Finding Patience and Acceptance
One of the most inveterate struggles that I am dealing with right now and have been dealing with since the beginning of lockdown has been coming to terms with the present world that we are dealing with, and my role in it. This world is one of isolation and general disheartening perspectives towards daily life. As with everyone, this pandemic has made “normal” life very difficult to achieve.
Day-in and day-out I am doing the same things. Most days, I am trying very hard to find good in my few lockdown-appropriate activities but some days are like today where I just want to move on in the worst way.

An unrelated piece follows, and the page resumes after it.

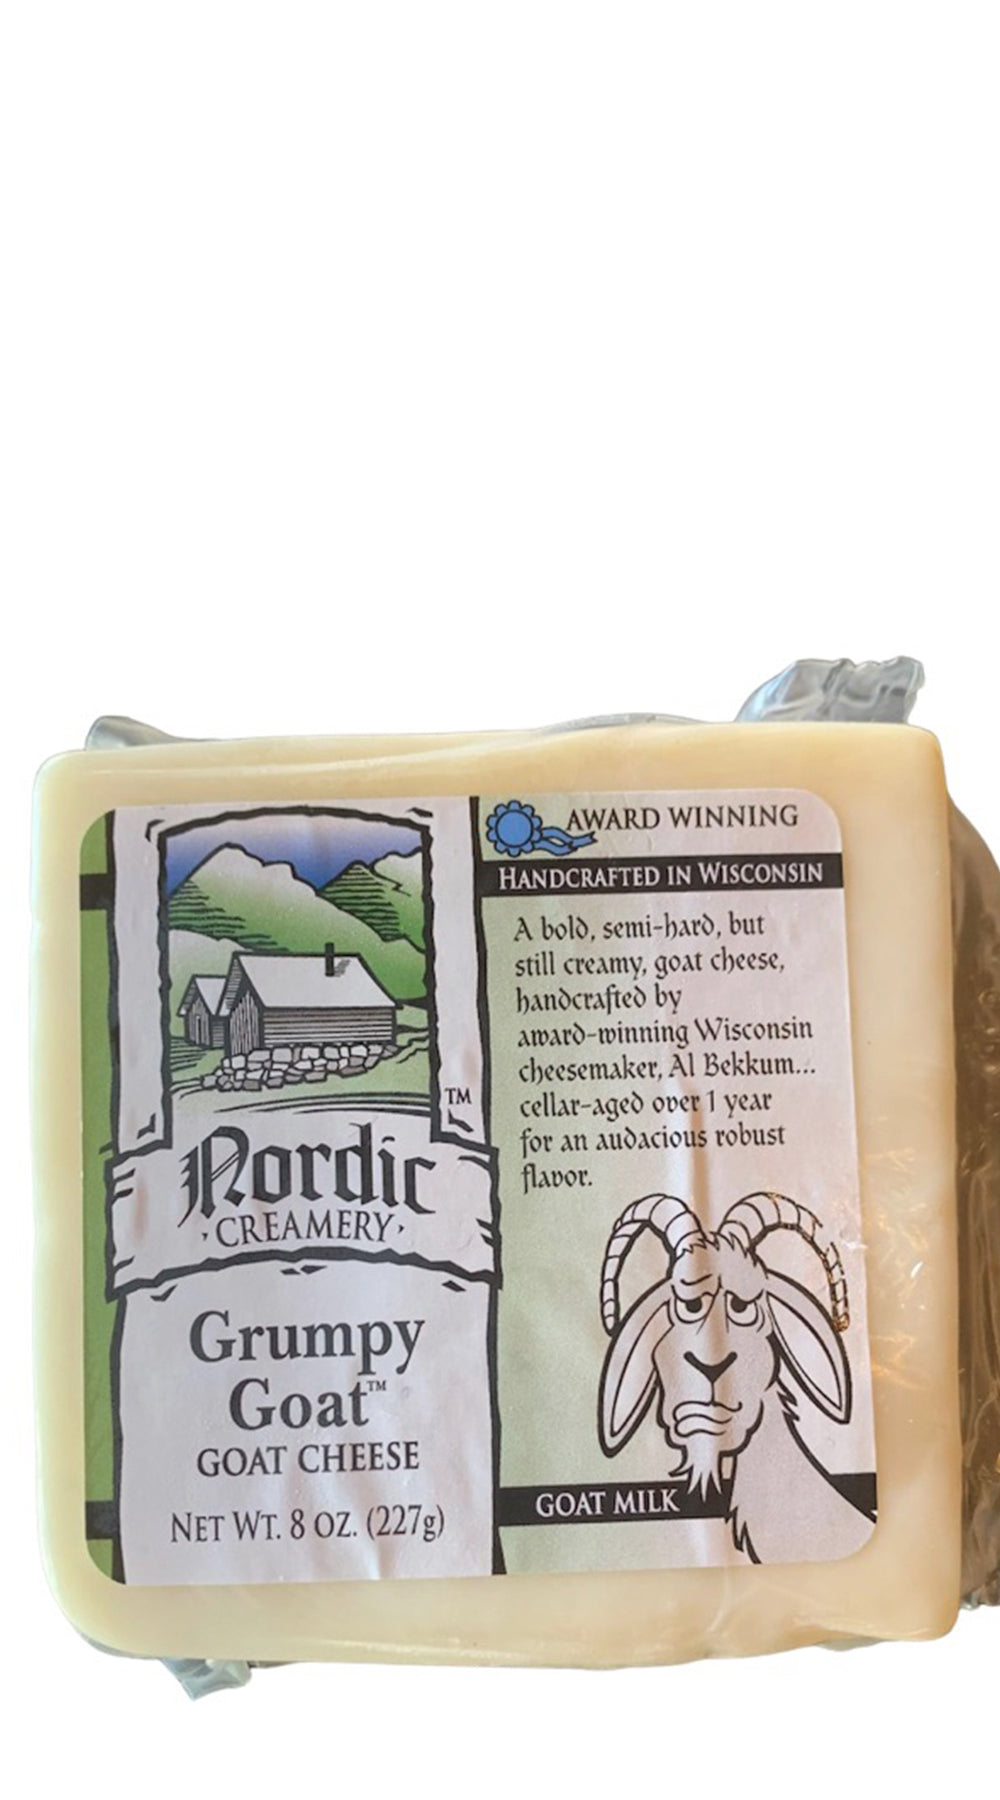 Nordic Creamery Grumpy Goat Cheese

I am a person who likes to work towards things. I like having new goals and finding new ways to grow. I thrive on having lots of activities and meeting new people. This life has certainly been interrupted.
Something that I struggled with prior to the pandemic was having patience. Since we have been in quarantine this feeling has just heightened. I want to have control over pretty much everything in my life and as much control over the future events that will transpire in my life. This just isn’t possible in any way. We can work hard, but we can’t predict that things will work out the way in which we planned it.
We are in such an uncertain time, and as highly versatile beings, we have adapted to this way of life due to COVID. In some respects this is good, but we can’t lose sight of a more prosperous way of living which is contingent upon interacting with others face-to-face. So, I hope younger people don’t acquire the mindset that this is how we are going to live from now on. It is extremely understanding that this time is hard for all of us and takes a toll on all of our mental healths. From the scientists creating vital vaccines to the individuals who are doing their best to socially-distance and isolate, we should all be proud of ourselves for our massive effort to combat the virus.
Individually, I am doing my best to play my part, but on these days where I feel stuck, I am trying hard to do things that keep me from feeling discontent.
I have discovered the only tasks that I can take right now to prevent obsession and discontentedness are trying to be more patient and trying to accept my life as it is at the moment.
Sometimes, thinking too much about the future and all the fun things I will do then stings too much. So, trying to maintain a new attitude is all that can be done. We can tell ourselves all we want that this situation won’t last that much longer, but that can’t alleviate all of the discontent or even pain that we are feeling. It doesn’t solve our day-to-day struggles.
Here are some things that have helped me to become more patient:
Practicing mindfulness and meditation. Meditating at least once a day can not only give you more clarity in all situations in your life, but actually change your brain chemistry in a beneficial way.
Journal it out. Sometimes just getting your feelings out on paper can release some of the tension you are feeling towards a particular situation or person. Even burn that piece of paper you wrote on afterwards if you feel the need to and it helps you release negativity.
Remind yourself that you’re a work in progress and that you won’t become a patient person overnight.
Become aware of the great things that you still have access to in your life and take advantage of those things.
Find comfort in the fact that you aren’t alone in dealing with these things.
Find acceptance.
I think the last one can be the most challenging yet important. We need to find acceptance for our current situation. By finding acceptance for every aspect and thought we have towards our current daily life we can give less power to how painful it can be. Our impatience for wanting life to resume as our pre-pandemic “normal” only brings discontent in our lives. By accepting everything, I mean everything we can lessen our discomfort.
This also means finding acceptance for the fact that we don’t feel okay and allowing ourselves to feel this way. If we don’t accept our feelings and thoughts fully then they will linger and even grow. Fighting how we feel only heightens those feelings.
I know for many of us nothing would make us happier than the pandemic ending tomorrow. As we can’t have that wish, we need to do our best to make our situations better until that auspicious day finally comes. Finding acceptance for our lives, and finding acceptance for our judgmental, upsetting, overwhelming, and anxiety-inducing feelings will help us. It’s truly okay to not be positive all of the time.
So, if you don’t want to do any of these things I suggested above, then by all means don’t. Each one of us has to do what is best for us, subjectively. Only we know how to do that. We should allow ourselves to feel our feelings and give them the space that they deserve in order to be released. When they are released, we can get on with our lives and perhaps even feel a sense of contentment.